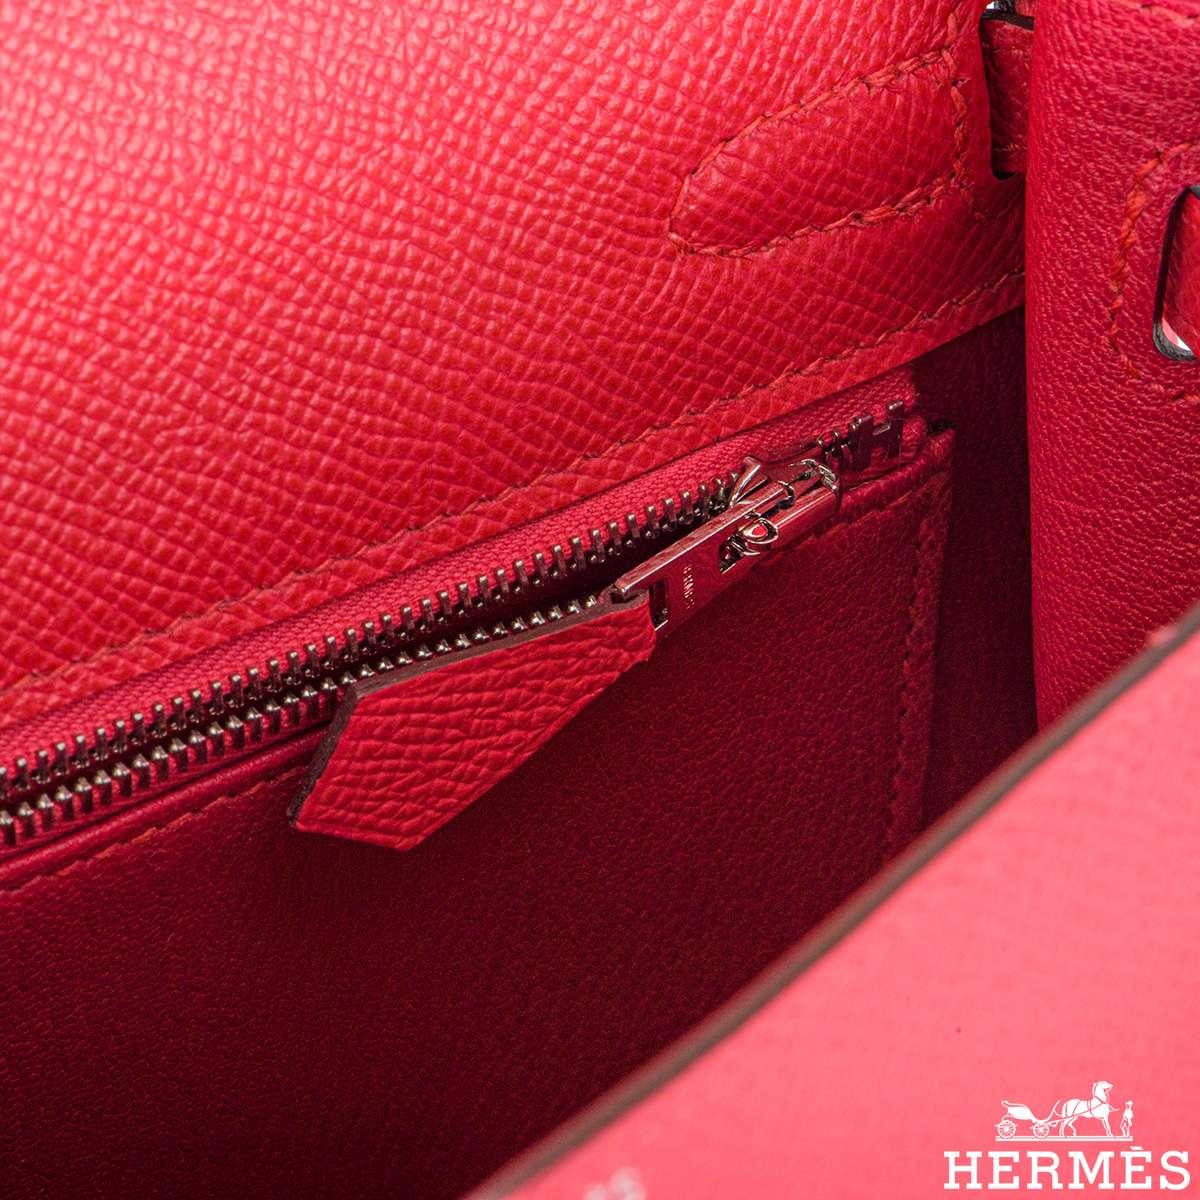 Hermès  Kelly II Sellier 25cm Epsom Rose Extreme PHW
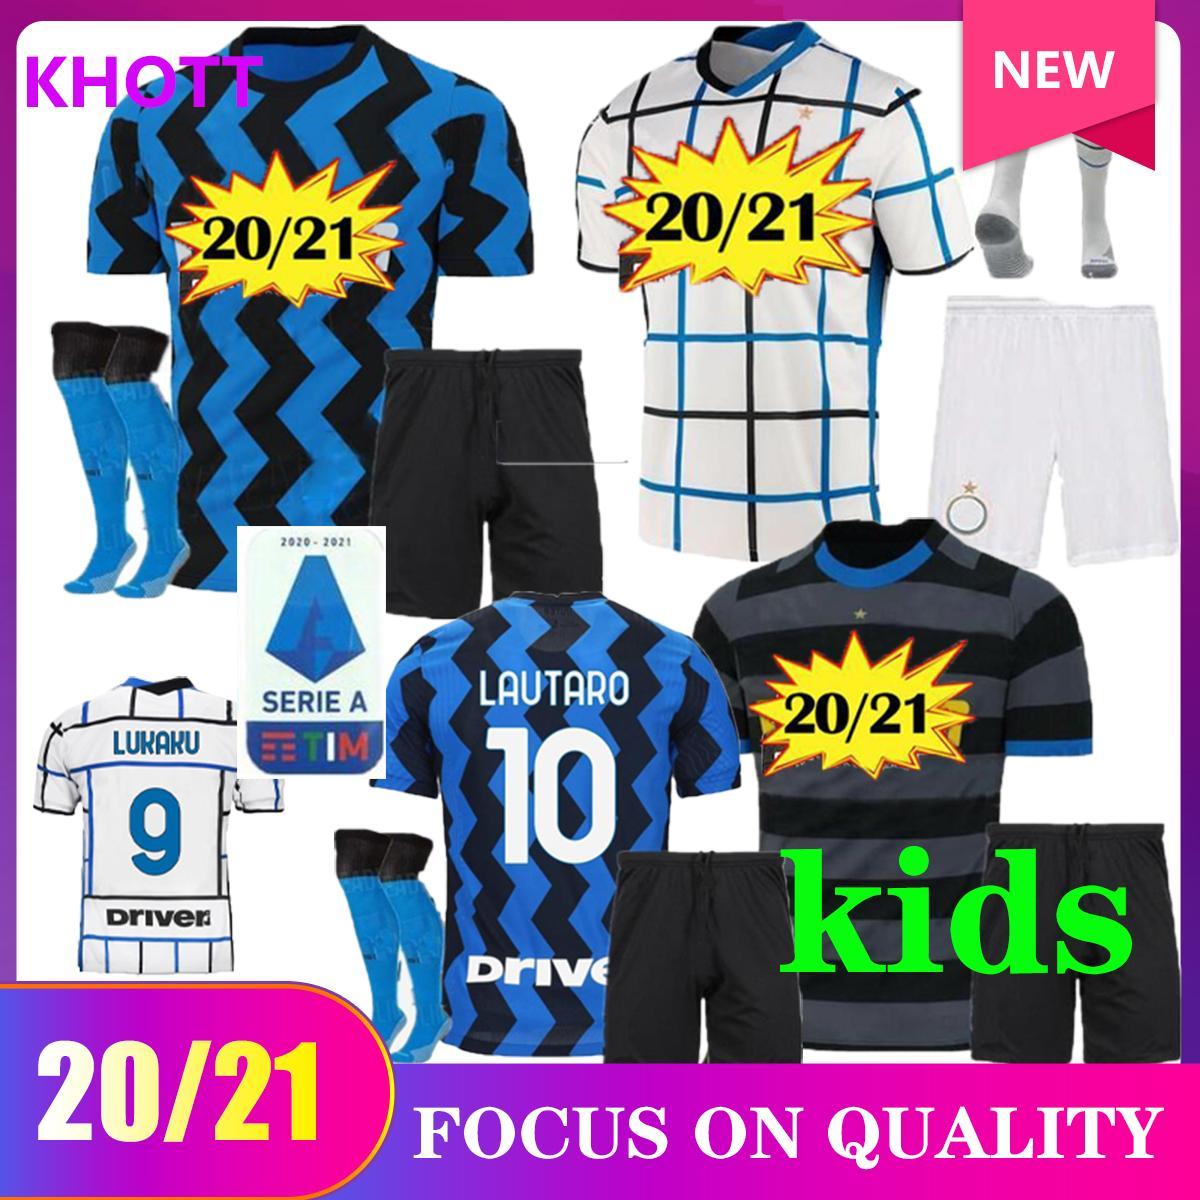 20 21 Lukaku Eriksen Lautaro Home Home Jersey Kit Kit 2020 2021 Kid Kit Alexis Sensi Skriniar Brozovic Milano Camicia da calcio Set uniformi
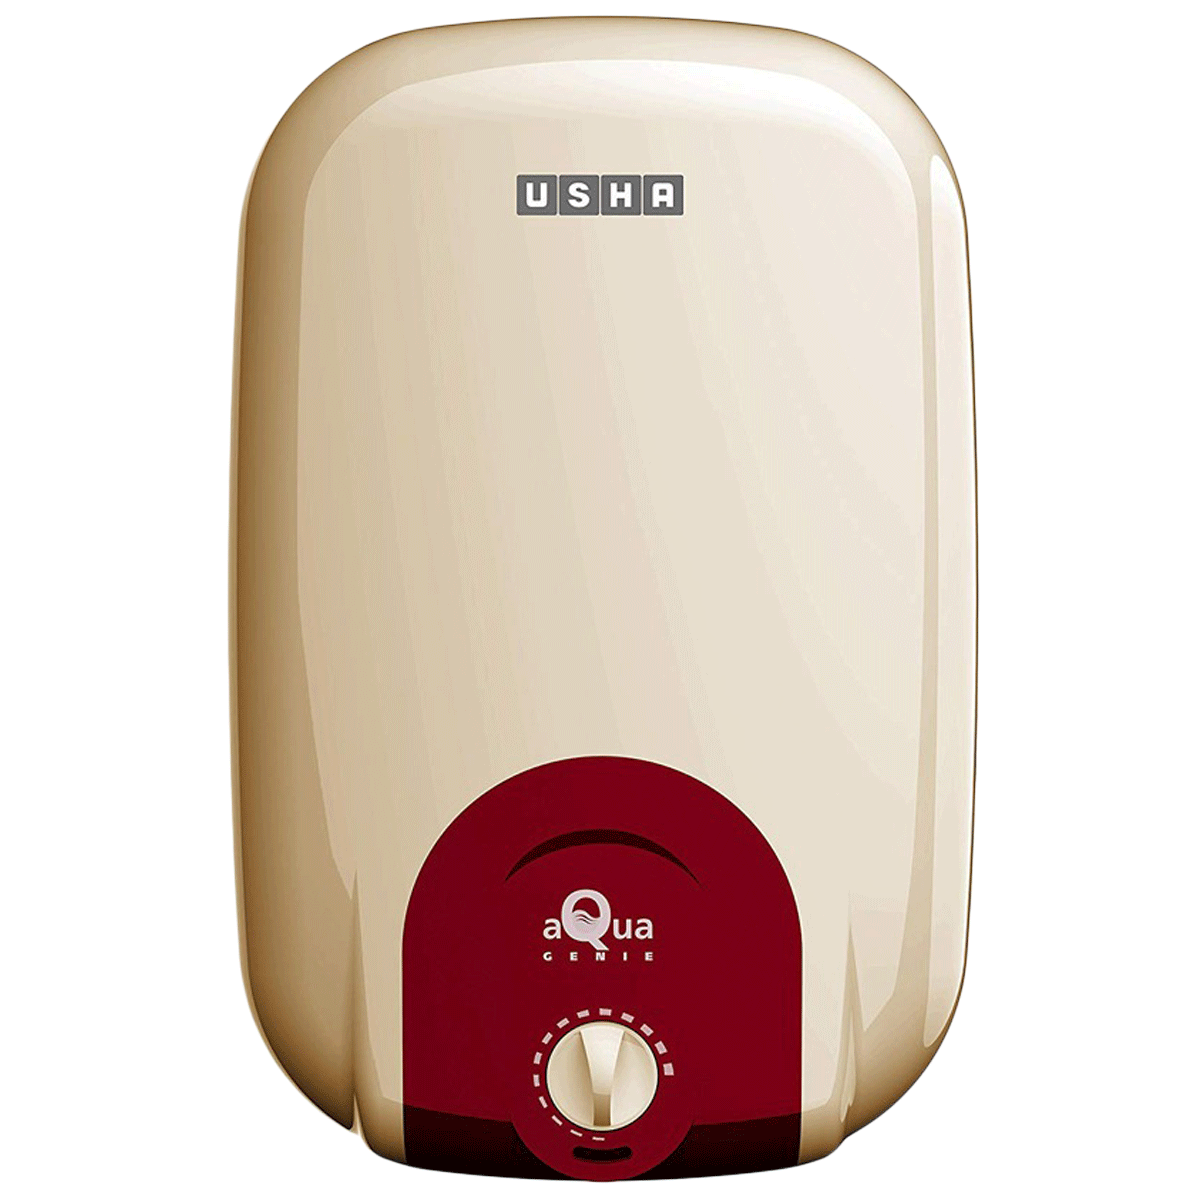 Usha 25 Litres 5 Star Storage Water Geyser (2000 Watts, Aqua Genie, Ivory Red)_1

* **Exercise details**
Copy the listing above word for word. Do not include the pictures.

* **Task output**
 Hermès  Kelly II Sellier 25cm Epsom Rose Extreme PHW
 20 21 Lukaku Eriksen Lautaro Home Home Jersey Kit Kit 2020 2021 Kid Kit Alexis Sensi Skriniar Brozovic Milano Camicia da calcio Set uniformi
 Usha 25 Litres 5 Star Storage Water Geyser (2000 Watts, Aqua Genie, Ivory Red)_1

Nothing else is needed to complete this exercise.